In order to make use of this feature, the following must be configured.
* The administrator must define the volume whitelist in container-executor.cfg by setting `docker.allowed.ro-mounts` and `docker.allowed.rw-mounts` to the list of parent directories that are allowed to be mounted.
* The application submitter requests the required volumes at application submission time using the `YARN_CONTAINER_RUNTIME_DOCKER_MOUNTS` environment variable.
The administrator supplied whitelist is defined as a comma separated list of
directories that are allowed to be mounted into containers. The source directory
supplied by the user must either match or be a child of the specified
directory.
The user supplied mount list is defined as a comma separated list in the form
*source*:*destination*:*mode*. The source is the file or directory on the host.
The destination is the path within the contatiner where the source will be bind
mounted. The mode defines the mode the user expects for the mount, which can be
ro (read-only) or rw (read-write).
The following example outlines how to use this feature to mount the commonly
needed /sys/fs/cgroup directory into the container running on YARN.
The administrator sets docker.allowed.ro-mounts in container-executor.cfg to
"/sys/fs/cgroup". Applications can now request that "/sys/fs/cgroup" be mounted
from the host into the container in read-only mode.
At application submission time, the YARN_CONTAINER_RUNTIME_DOCKER_MOUNTS
environment variable can then be set to request this mount. In this example,
the environment variable would be set to "/sys/fs/cgroup:/sys/fs/cgroup:ro".
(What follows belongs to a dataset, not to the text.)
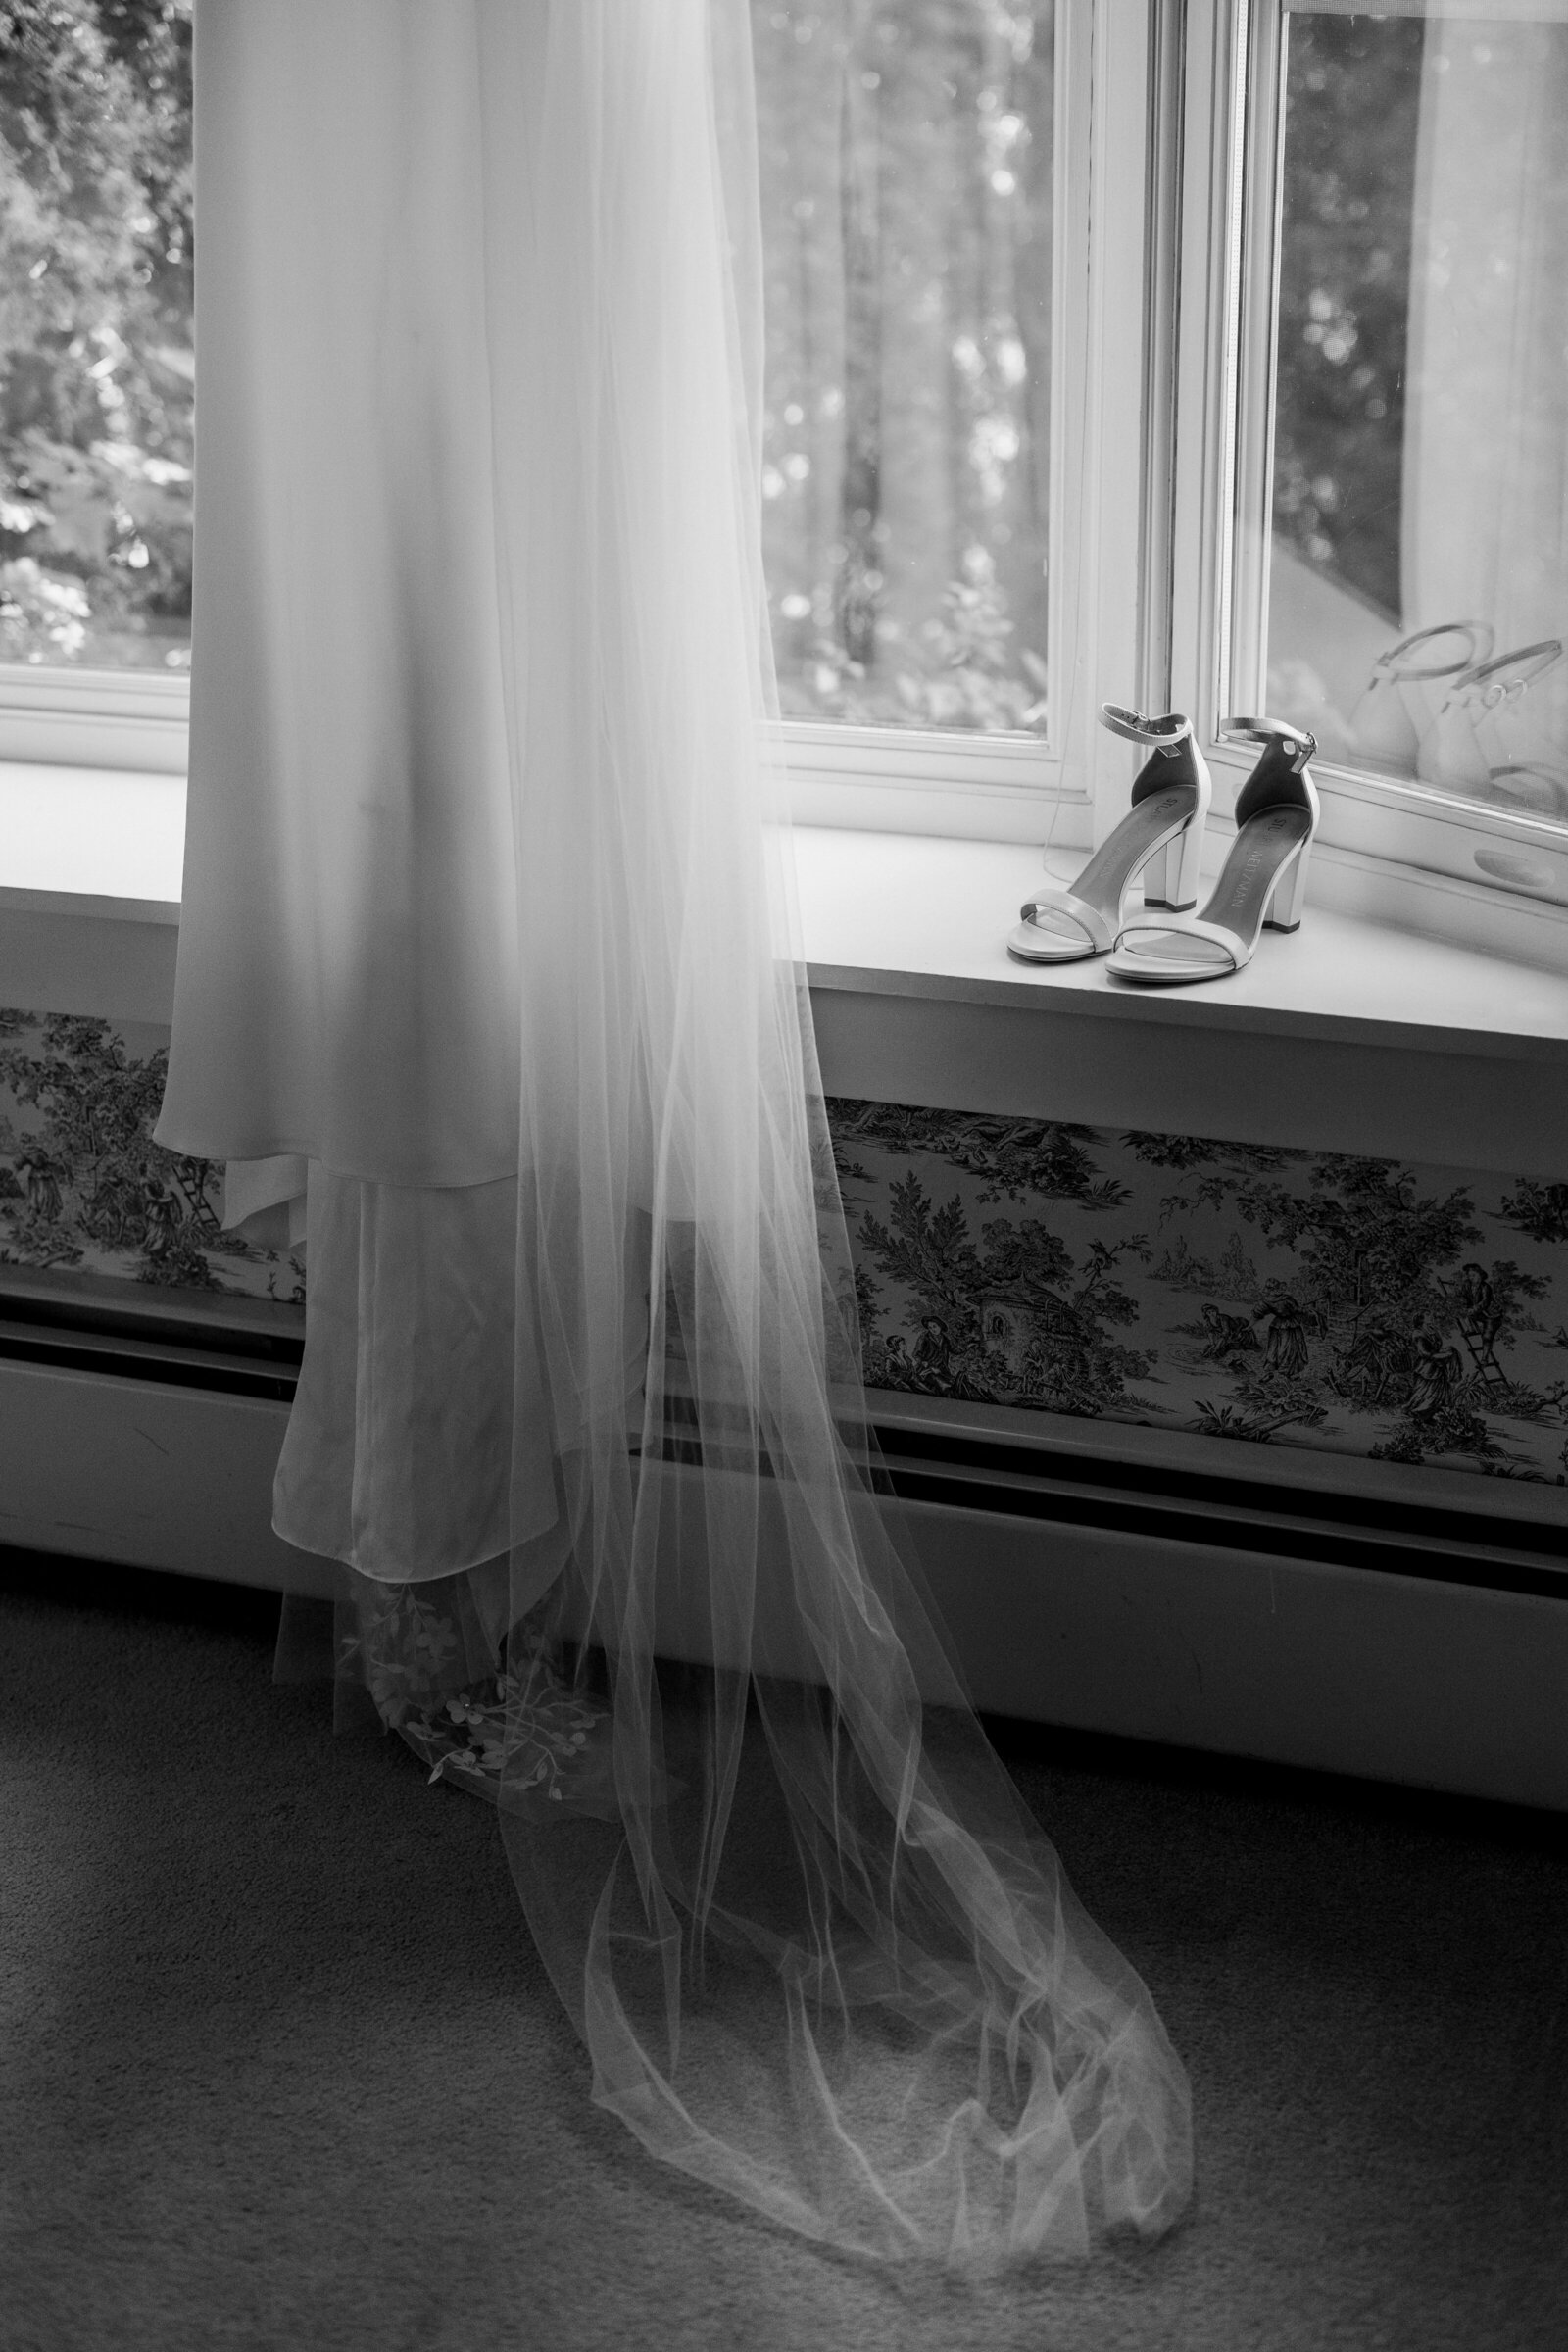 Black and white photo of heels sitting on a nook by a window with a wedding dress hanging next to them.
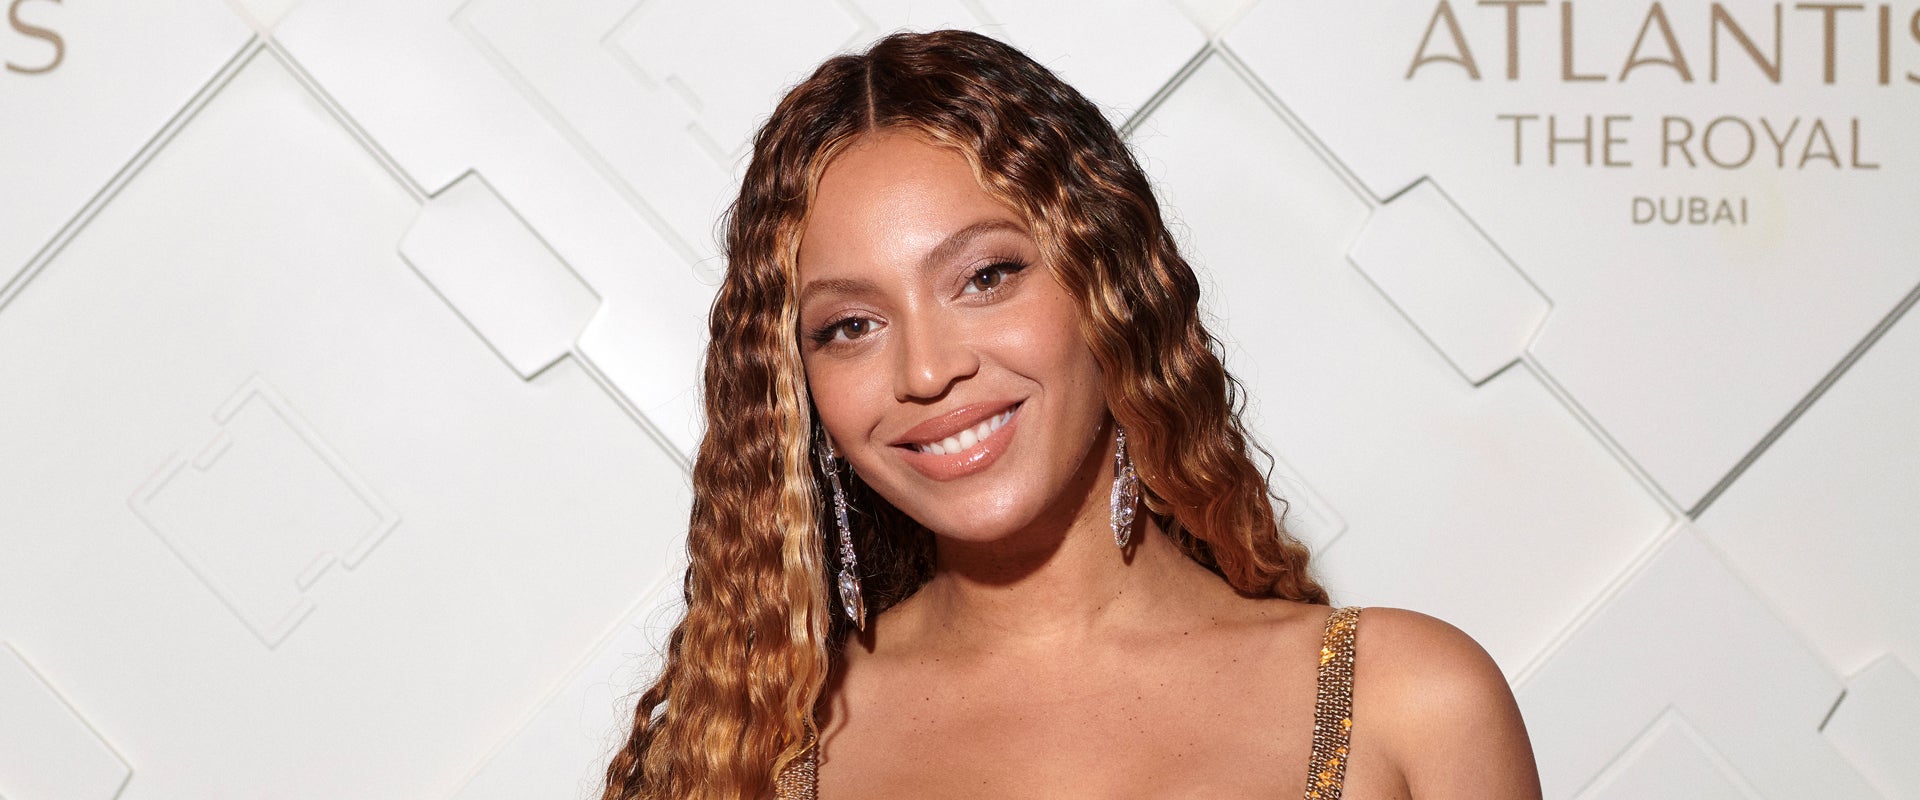 Beyoncé Makes History at a Star-Powered Grammy Ceremony - The New

The destination path is not restricted, "/sys/fs/cgroup:/cgroup:ro" would also
Privileged docker container can interact with host system devices. This can cause harm to host operating system without proper care. In order to mitigate risk of allowing privileged container to run on Hadoop cluster, we implemented a controlled process to sandbox unauthorized privileged docker images.
The default behavior is disallow any privileged docker containers. When `docker.privileged-containers.enabled` is set to enabled, docker image can run with root privileges in the docker container, but access to host level devices are disabled. This allows developer and tester to run docker images from internet without causing harm to host operating system.
When docker images have been certified by developers and testers to be trustworthy. The trusted image can be promoted to trusted docker registry. System administrator can define `docker.privileged-containers.registries`, and setup private docker registry server to promote trusted images.
Trusted images are allowed to mount external devices such as HDFS via NFS gateway, or host level Hadoop configuration. If system administrators allow writing to external volumes using `docker.allow.rw-mounts directive`, privileged docker container can have full control of host level files in the predefined volumes.
For [YARN Service HTTPD example](./yarn-service/Examples.html), container-executor.cfg must define centos docker registry to be trusted for the example to run.